Pat Nielsen, marketing manager of ventilation fans, Broan-NuTone, said products have changed “in a number of ways” over the past few years and are now easier and faster to install.

“Broan-NuTone introduced ULTRAQuick technology into the ULTRA Green™ and ULTRA Pro™ Series, which allows techs to install the fan from room-side; you no longer need to go into the attic. The use of BLDC [brushless dc] motors in our ULTRA Green Series makes our ventilation fans much more efficient as well — almost 10 times more efficient than Energy Star® requirements,” Nielsen said. “Broan-NuTone offers models with multispeed capability to meet both continuous and spot ventilation requirements. We also offer humidity and motion sensing to trigger the fan to turn on or increase from low/continuous cfm to maximum cfm for spot ventilation.

Peggy Tress, director of marketing, ventilation solutions, Greenheck Fan Corp., said the company is constantly striving to set the bar on performance. “The key to staying competitive in the marketplace is to stay ahead of others and always strive for higher performance, quality, and efficiency,” she said. “Greenheck continuously evaluates products to build them more efficiently and more energy-efficient. Tying in to building controls has become a bigger consideration as we refine our offerings.”

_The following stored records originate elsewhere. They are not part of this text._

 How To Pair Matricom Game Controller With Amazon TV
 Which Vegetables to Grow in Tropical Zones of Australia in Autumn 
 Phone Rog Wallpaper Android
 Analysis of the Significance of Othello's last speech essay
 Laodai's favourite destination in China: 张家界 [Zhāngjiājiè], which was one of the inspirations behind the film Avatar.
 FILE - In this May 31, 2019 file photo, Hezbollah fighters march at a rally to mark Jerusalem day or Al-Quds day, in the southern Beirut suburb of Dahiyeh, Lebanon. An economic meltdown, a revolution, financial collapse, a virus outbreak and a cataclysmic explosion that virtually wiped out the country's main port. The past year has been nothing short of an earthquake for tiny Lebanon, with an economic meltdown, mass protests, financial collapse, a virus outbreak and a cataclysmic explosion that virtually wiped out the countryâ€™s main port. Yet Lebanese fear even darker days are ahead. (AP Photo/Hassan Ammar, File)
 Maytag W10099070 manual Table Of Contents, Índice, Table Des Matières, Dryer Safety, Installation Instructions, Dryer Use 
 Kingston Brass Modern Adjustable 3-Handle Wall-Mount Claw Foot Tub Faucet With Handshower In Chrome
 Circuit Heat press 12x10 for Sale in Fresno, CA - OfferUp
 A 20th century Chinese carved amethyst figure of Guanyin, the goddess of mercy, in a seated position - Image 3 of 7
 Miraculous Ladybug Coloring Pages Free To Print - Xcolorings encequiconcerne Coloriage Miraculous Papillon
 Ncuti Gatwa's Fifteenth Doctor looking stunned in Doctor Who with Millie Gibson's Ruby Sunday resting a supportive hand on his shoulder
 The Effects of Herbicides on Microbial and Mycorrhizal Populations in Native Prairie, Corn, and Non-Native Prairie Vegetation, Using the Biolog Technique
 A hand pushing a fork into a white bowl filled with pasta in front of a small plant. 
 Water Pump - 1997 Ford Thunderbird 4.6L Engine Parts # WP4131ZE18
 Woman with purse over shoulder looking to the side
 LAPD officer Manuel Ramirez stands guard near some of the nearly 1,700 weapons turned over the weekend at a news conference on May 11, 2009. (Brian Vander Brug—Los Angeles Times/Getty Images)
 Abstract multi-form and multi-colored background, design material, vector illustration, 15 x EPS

“We have developed multiple product lines featuring gearless direct-drive motors that are highly efficient and loaded with performance features,” said Barry Warner, national sales manager, MacroAir Technologies Inc. “By eliminating gearboxes we have reduced the sound to only that of the wind itself, reduced the weight for easier installation and adaptability to more structure types, and increased the ability for these motors to handle the high heat buildup in warehouses. Eliminating the gearbox means no oil to leak, no seals to fail, and zero maintenance to perform.”

Patricia Monks, product manager, Panasonic Eco Solutions North America, said ventilation codes and other green building standards are putting pressure on manufacturers to produce fans that meet performance requirements. “We are increasingly focused on launching dc-motored fans, as they are more powerful and energy efficient than traditional ac motors,” she said. “We are also moving away from traditional compact fluorescent (CFL) lighting to LED, as it lasts longer and is more energy efficient and environmentally friendly.”

At Systemair, Fantech’s ventilation fan product range has continued to expand, most noticeably with the addition of fans with electronically commutated motors (ECMs) and with application-specific fan products, said Mark Wald, product manager – fans, Systemair.

“Fan products with ECMs are very energy efficient and are easily speed-controlled,” Wald explained. “Both of these traits are desirable, of course, and make fans with ECMs very suitable for demand-based ventilation applications. Fantech’s new Makeup Air System utilizes an ECM-driven fan, which allows the makeup air system to constantly match the varying airflow rate of a compensated exhaust system.”

The Influence of Codes

Some of the biggest factors driving the ventilation market are standards and building codes, which are increasingly mandating ventilation in both the commercial and residential markets. To keep on top of these standards, many manufacturers make it a point to actively participate in the standards development process.

“Big Ass Fans employees are actively involved in authoring several standards, including ASHRAE Standards 55, 62.1, 90.1, and 189.1; the AMCA [Air Movement and Control Association] 230; and the potential U.S. Department of Energy [DOE] rulemaking for ceiling fan energy conservation standards,” Tsvetanov said. “The only standard now available, the voluntary Energy Star rating system, only applies to residential products; Big Ass Fans has participated in that system, and models of the Haiku ceiling fan currently hold many of the top rankings in the category.”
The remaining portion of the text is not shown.